RQ2: Does adding explicit context to prompt instructions significantly mitigate biased outcomes, or is its impact limited in cases of deeply ingrained biases?
RQ3: Do optimization techniques such as quantization amplify biases or circumvent built-in model moderation mechanisms?
Motivated by these critical questions, our study systematically evaluates three prominent open-source frontier models—LLAMA-2, MISTRAL-7B, and Gemma—using structured benchmarking methodologies. We analyse variations across different modalities and prompt formulations to identify biases and underlying factors contributing to these discrepancies.
1.3. The Importance
Given how widely used these models are, the presence of bias in LLMs can have significant ethical and social implications for our society. Biased predictions and recommendations generated by these models can reinforce stereotypes, perpetuate discrimination, and amplify existing inequalities in society [
17]. Through unverified misinformation and fake news generated by these models, there will be stronger polarization in the world, and harm can be propagated by bad actors on innocent civilians [
18].
2. Literature Review
Early instances of racial and gender bias have been reported by researchers consistently, as found by Bolukbasi et al. (2016) in the way machine learning (specifically NLP applications) models respond [
19]. These biases have been attributed to the data on which these models are trained, and as a consequence, the inferences learned are non-causally connected to biased outcomes. Machine learning models trained on biased data have been found to perpetuate and even exacerbate the bias against historically under-represented and disadvantaged demographic groups when deployed [
20]. Moreover, as models are continually implemented in critical fields as recommendation systems for social justice and employment screening, the downstream network effects are dangerous, as exemplified in the healthcare industry by how structural bias and discrimination results in inappropriate care and has negative health effects [
21].
For the purposes of understanding how fairness has been dissected and interpreted by the AI community, we conducted a literature survey of existing methodologies, benchmarks, and surveys as can be accessed in
Table 1.
4. Experimental Setup
4.1. Model Selection
The models we have chosen are based on cost to access, popularity among users, and performance on model evaluation metrics. From an original pool of eight models, we shortlisted the final three on the basis of the above parameters.

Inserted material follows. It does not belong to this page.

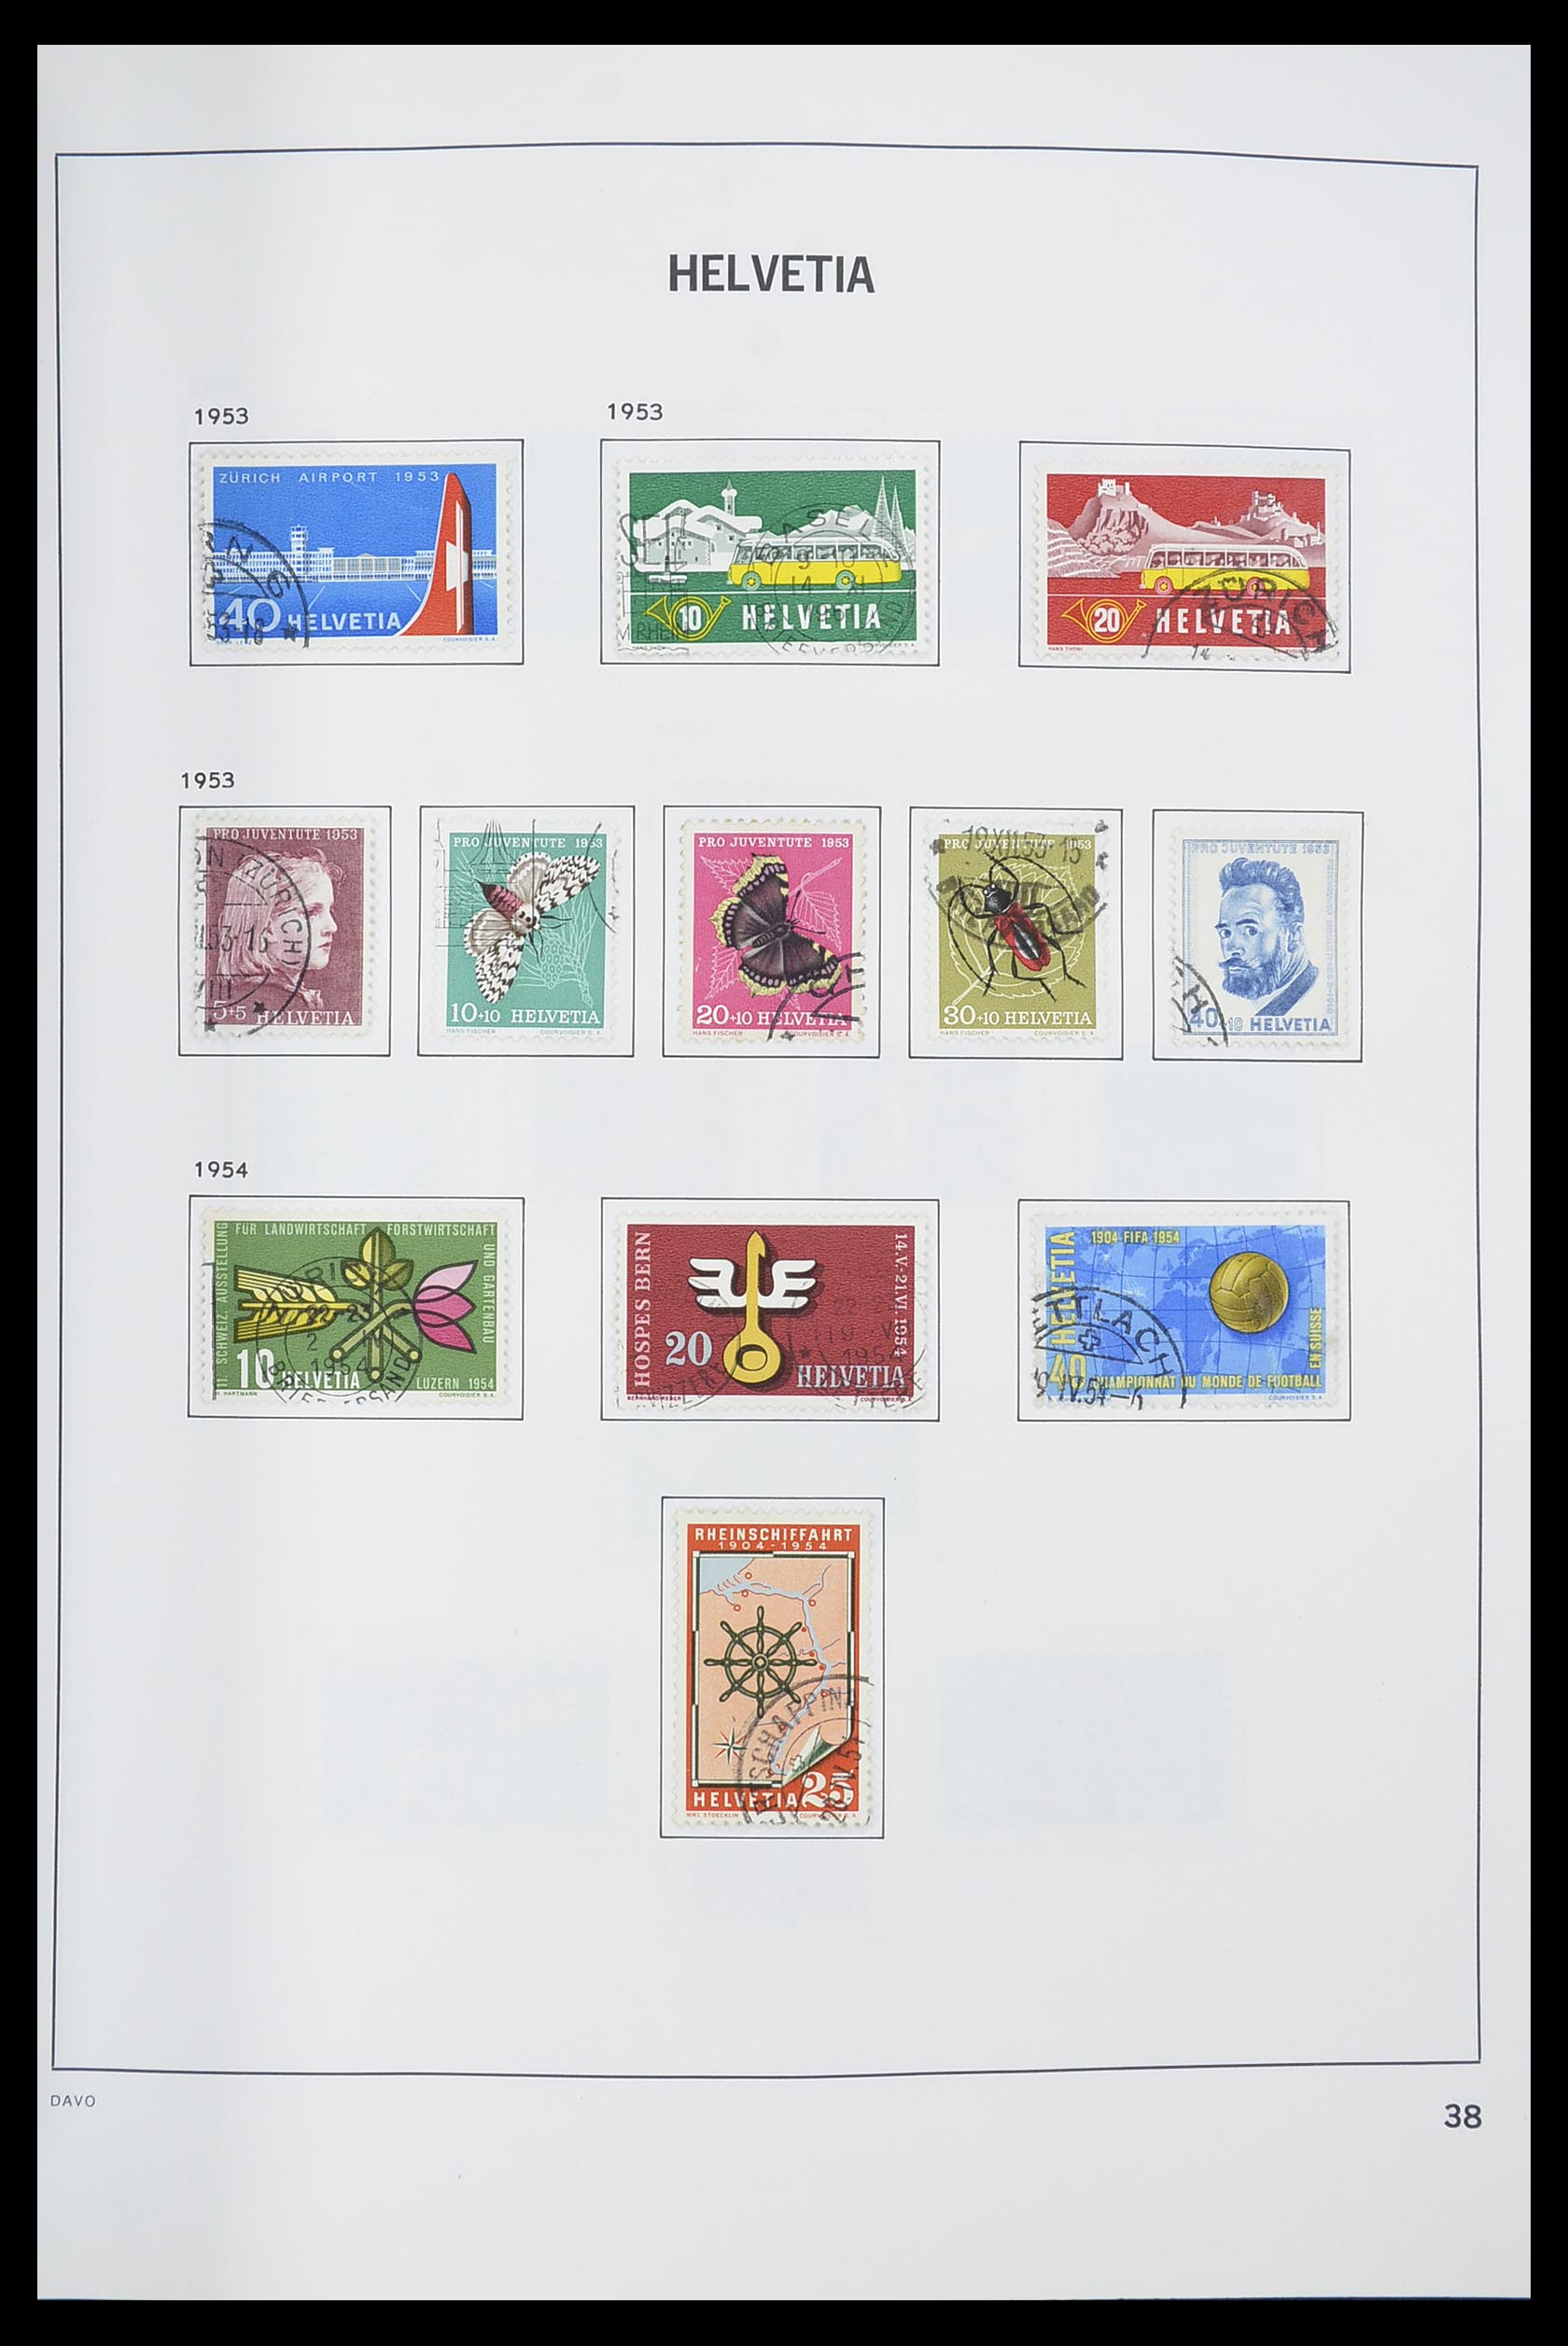 33559 039 - Stamp collection 33559 Switzerland 1850-2000.

Note: This research was conducted only on open-source models and that is why models like ChatGPT and Claude were excluded, as they operate on a freemium subscription model and would slow down the speed of testing due to funding constraints.
4.1.1. Mistral 7B [30]
Mistral 7B is a 7.3B parameter transformer model that, in its architecture design, uses grouped-query attention (GQA) for faster inference and also uses Sliding Window Attention (SWA) to handle longer sequences at a smaller cost. It is released under the Apache 2.0 license and can be used without restrictions, The pre-trained version performs comparatively to LLAMA-2 according to Mistral documentation on metrics similar to inference metrics such as MMLU, WinoGrande, Commonsense Reasoning, World Knowledge, and Reading Comprehension.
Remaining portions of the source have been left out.